Selling, general and administrative expenses for the Second Quarter and Six Months were $3.36 million and $6.73 million, respectively, or 44.9% and 42.8%, of revenues, in comparison to selling, general and administrative expenses of $3.35 million and $6.5 million, respectively, or 41.3% and 38.1% of revenues during the comparable periods last year. Our selling, general and administrative expenses of $3.36 million in our Second Quarter were approximately $17,000 greater than last year, and exhibited the following positive and negative variances: (i) lower travel expenses as compared to the second quarter of last year; (ii) lower bonus accrual expense of $0.6 million as compared to $1.8 million in the second quarter of last year; (iii) higher payroll and related expenses (due to a higher headcount); and (iv) higher marketing, advertising and related expenses, as compared to last year.

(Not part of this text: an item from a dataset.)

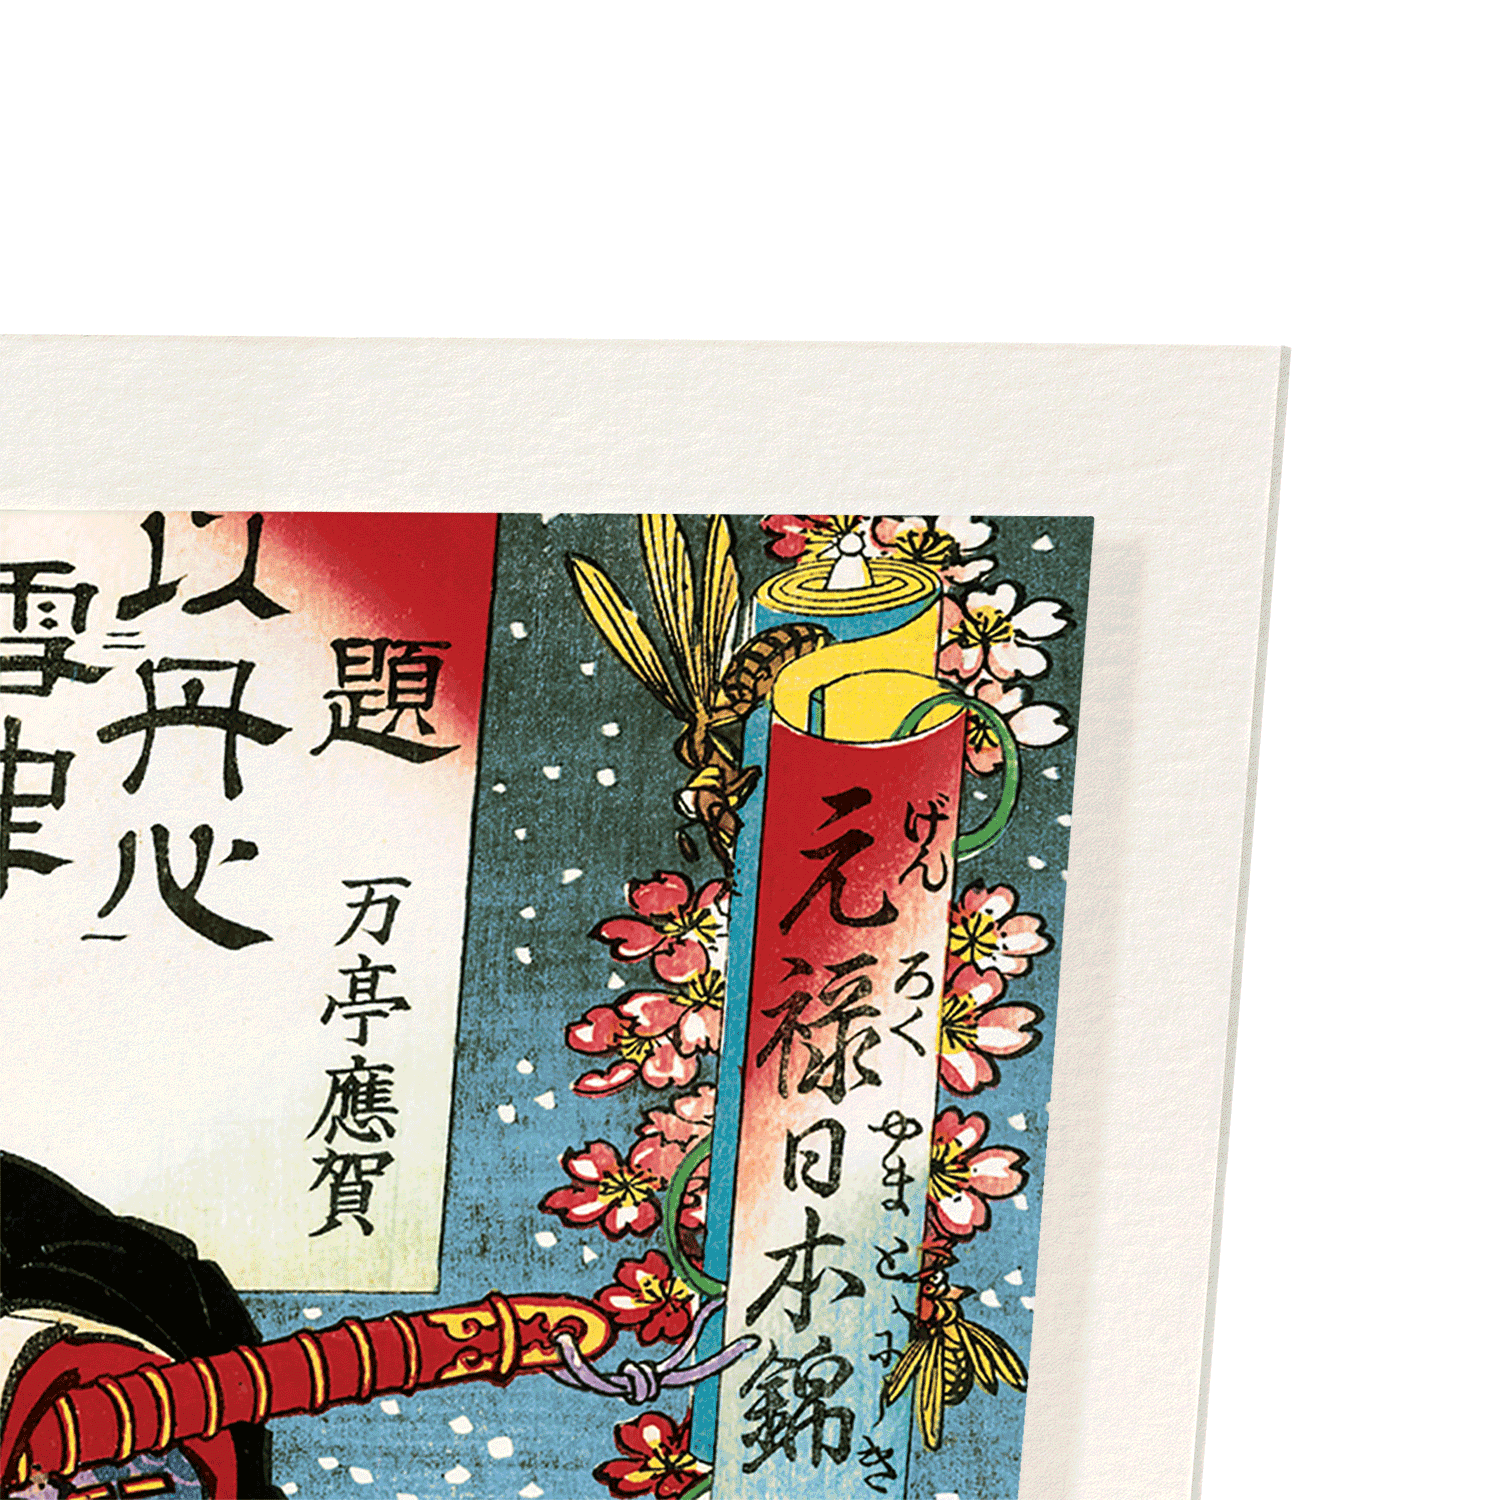 HORIBE YASUBEI TAKETSUNE (1886): Japanese Art Print

The increase in our selling, general and administrative expenses of $0.3 million during the Six Months was primarily attributable to the following positive and negative variances: (i) higher marketing, advertising and related expenses as compared to the comparable period last year; (ii) lower bonus accrual expense of $1.0 million as compared to $1.3 million last year; (iii) higher salary and payroll related expenses as compared to the first six months of last year (due to a higher headcount); and (iv) higher legal expenses versus the comparable period last year.

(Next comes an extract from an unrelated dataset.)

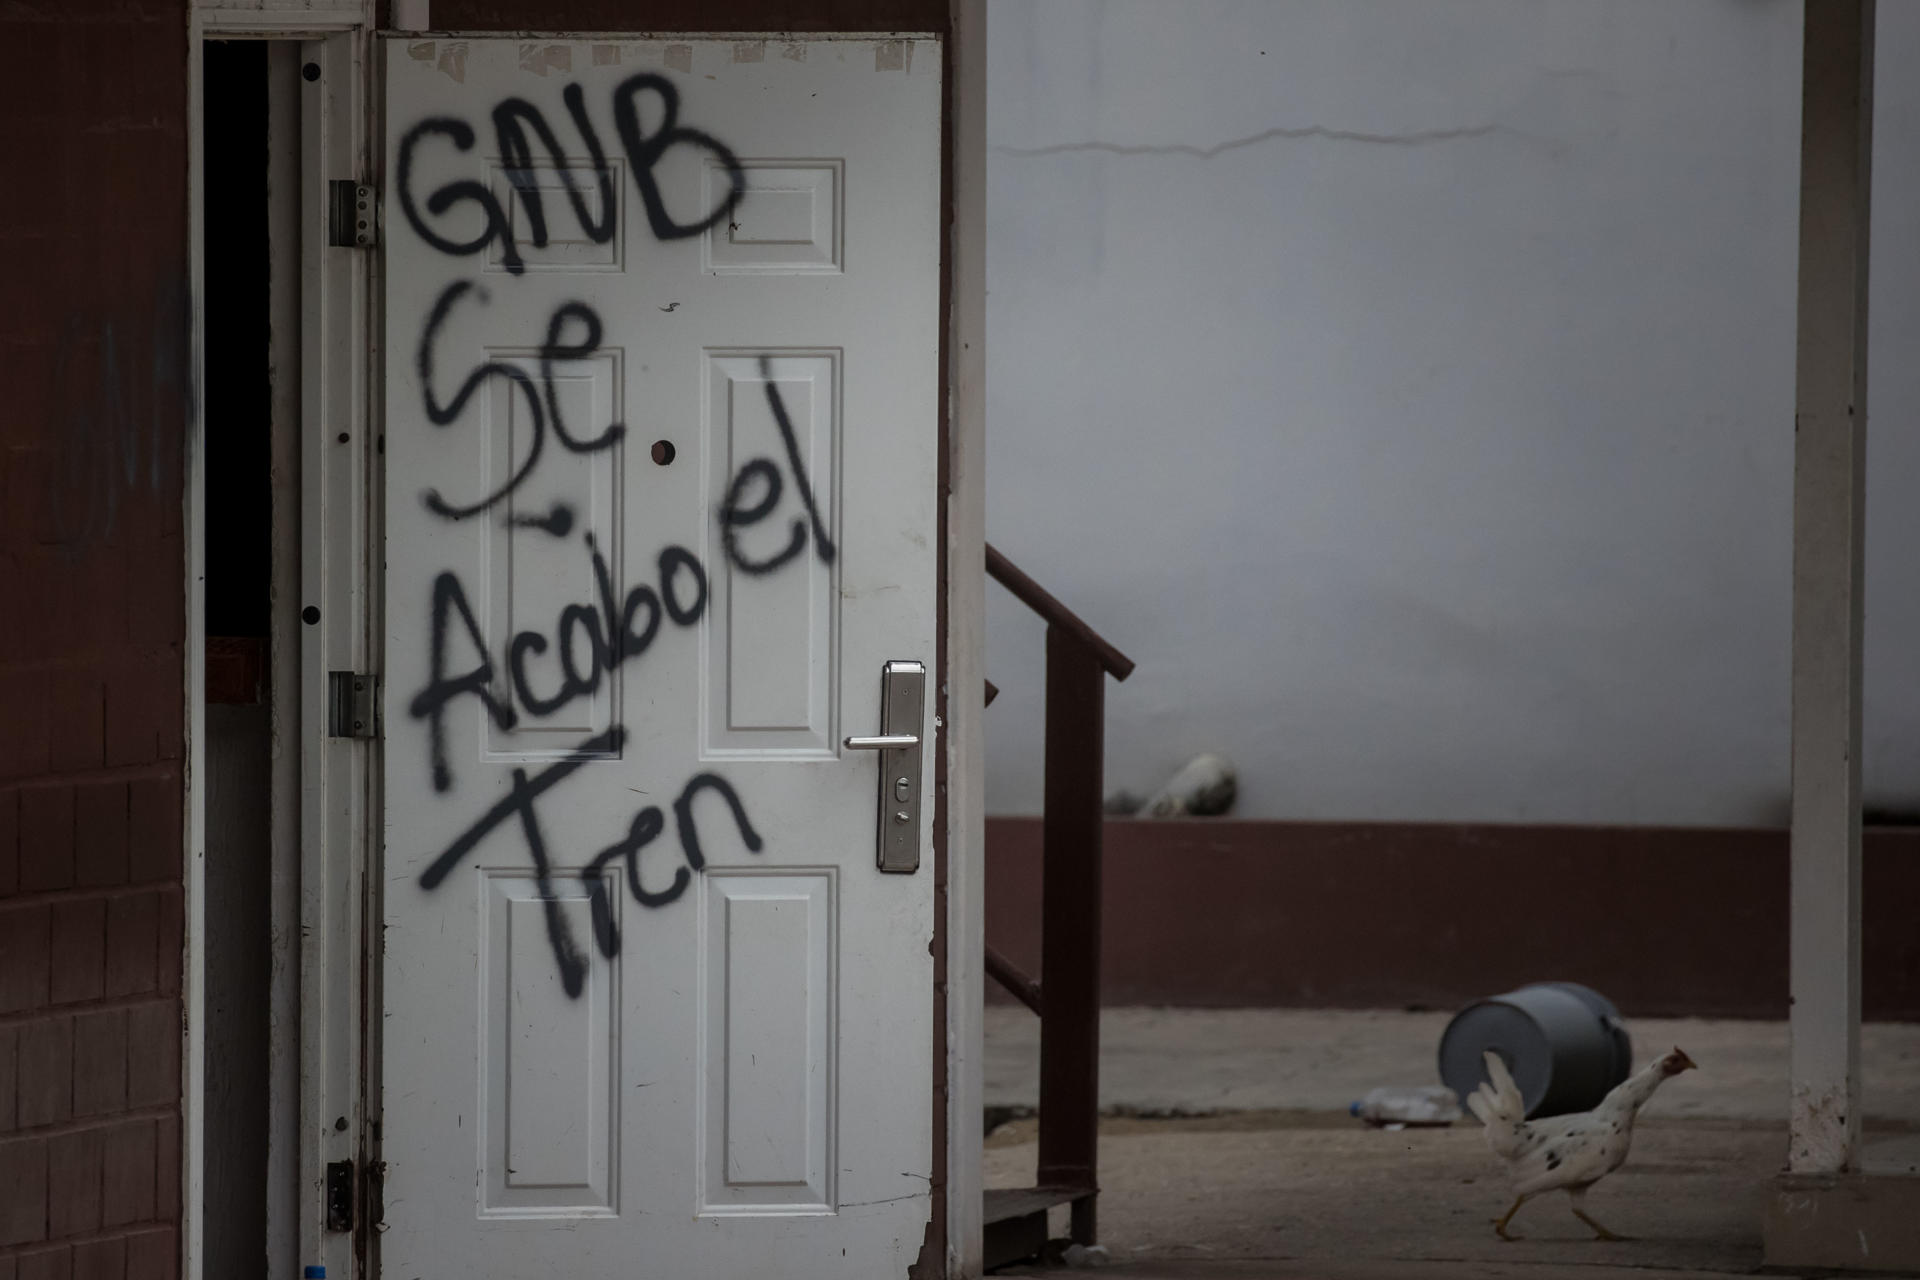 Chile dice que Venezuela “insulta” al negar existencia del Tren de Aragua

During the Second Quarter and Six Months we recorded a tax provision of $1.7 million and $3.6 million, respectively, which equates to an effective tax rate of 40.0% and 40.1% for such periods, compared to $1.9 million and $3.8 million and an effective tax rate of 39.7% and 36.5% recorded for the same periods last year. We are making quarterly estimated tax payments for our federal and state income tax liabilities. During the Second Quarter and Six Months our net income was $2.5 million and $5.4 million, or $0.28 and $0.61 per diluted share, respectively, compared to $2.9 million and $6.7 million or $0.32 and $0.76 per diluted share for the comparable periods last year.

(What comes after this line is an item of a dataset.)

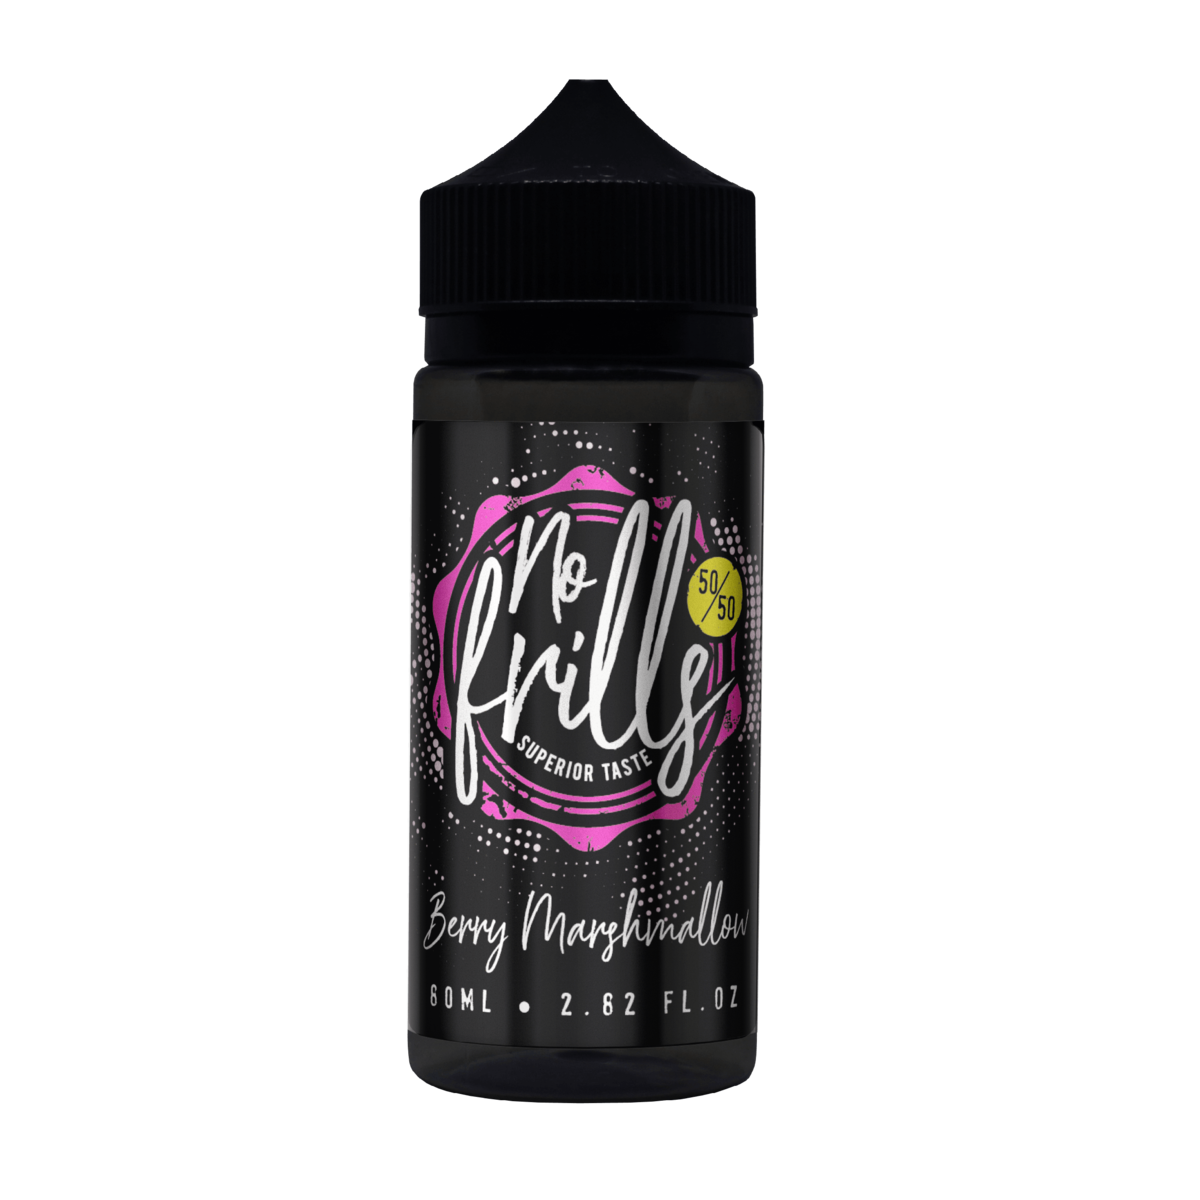 Berry Marshmallow E-liquid by No Frills 80ml Shortfill

During the Six Months, cash provided by our operations was $4.8 million, compared to $4.2 million for the comparable period last year. The cash provided by operations of $4.8 million during the Six Months was primarily due to net income of $5.4 million offset by the changes in: (i) accounts receivable, which decreased by $245,000 in the Six Months, as compared to an increase of $2.0 million in the comparable period last year; (ii) accounts payable, which increased by $339,000 in the Six Months, as compared to an increase of $25,000 in the comparable period last year, (iii) accrued compensation, which decreased by $1.5 million in the Six Months, as compared to a decrease of $1.6 million in the comparable period last year; (iv) a decrease of income taxes payable of $0.8 million, as compared to an increase of $0.1 million in the comparable period last year; and (v) a slight increase in income taxes receivable for the Six Months, as compared to an increase of $0.3 million in the comparable period last year. In addition, our cash from operations includes non-cash stock-based compensation expense of $269,000 pursuant to SFAS 123 (R) as compared to $317,000 in the comparable period last year, and our deferred tax assets decreased by $136,000, as compared to a decrease of $218,000 in the comparable period last year.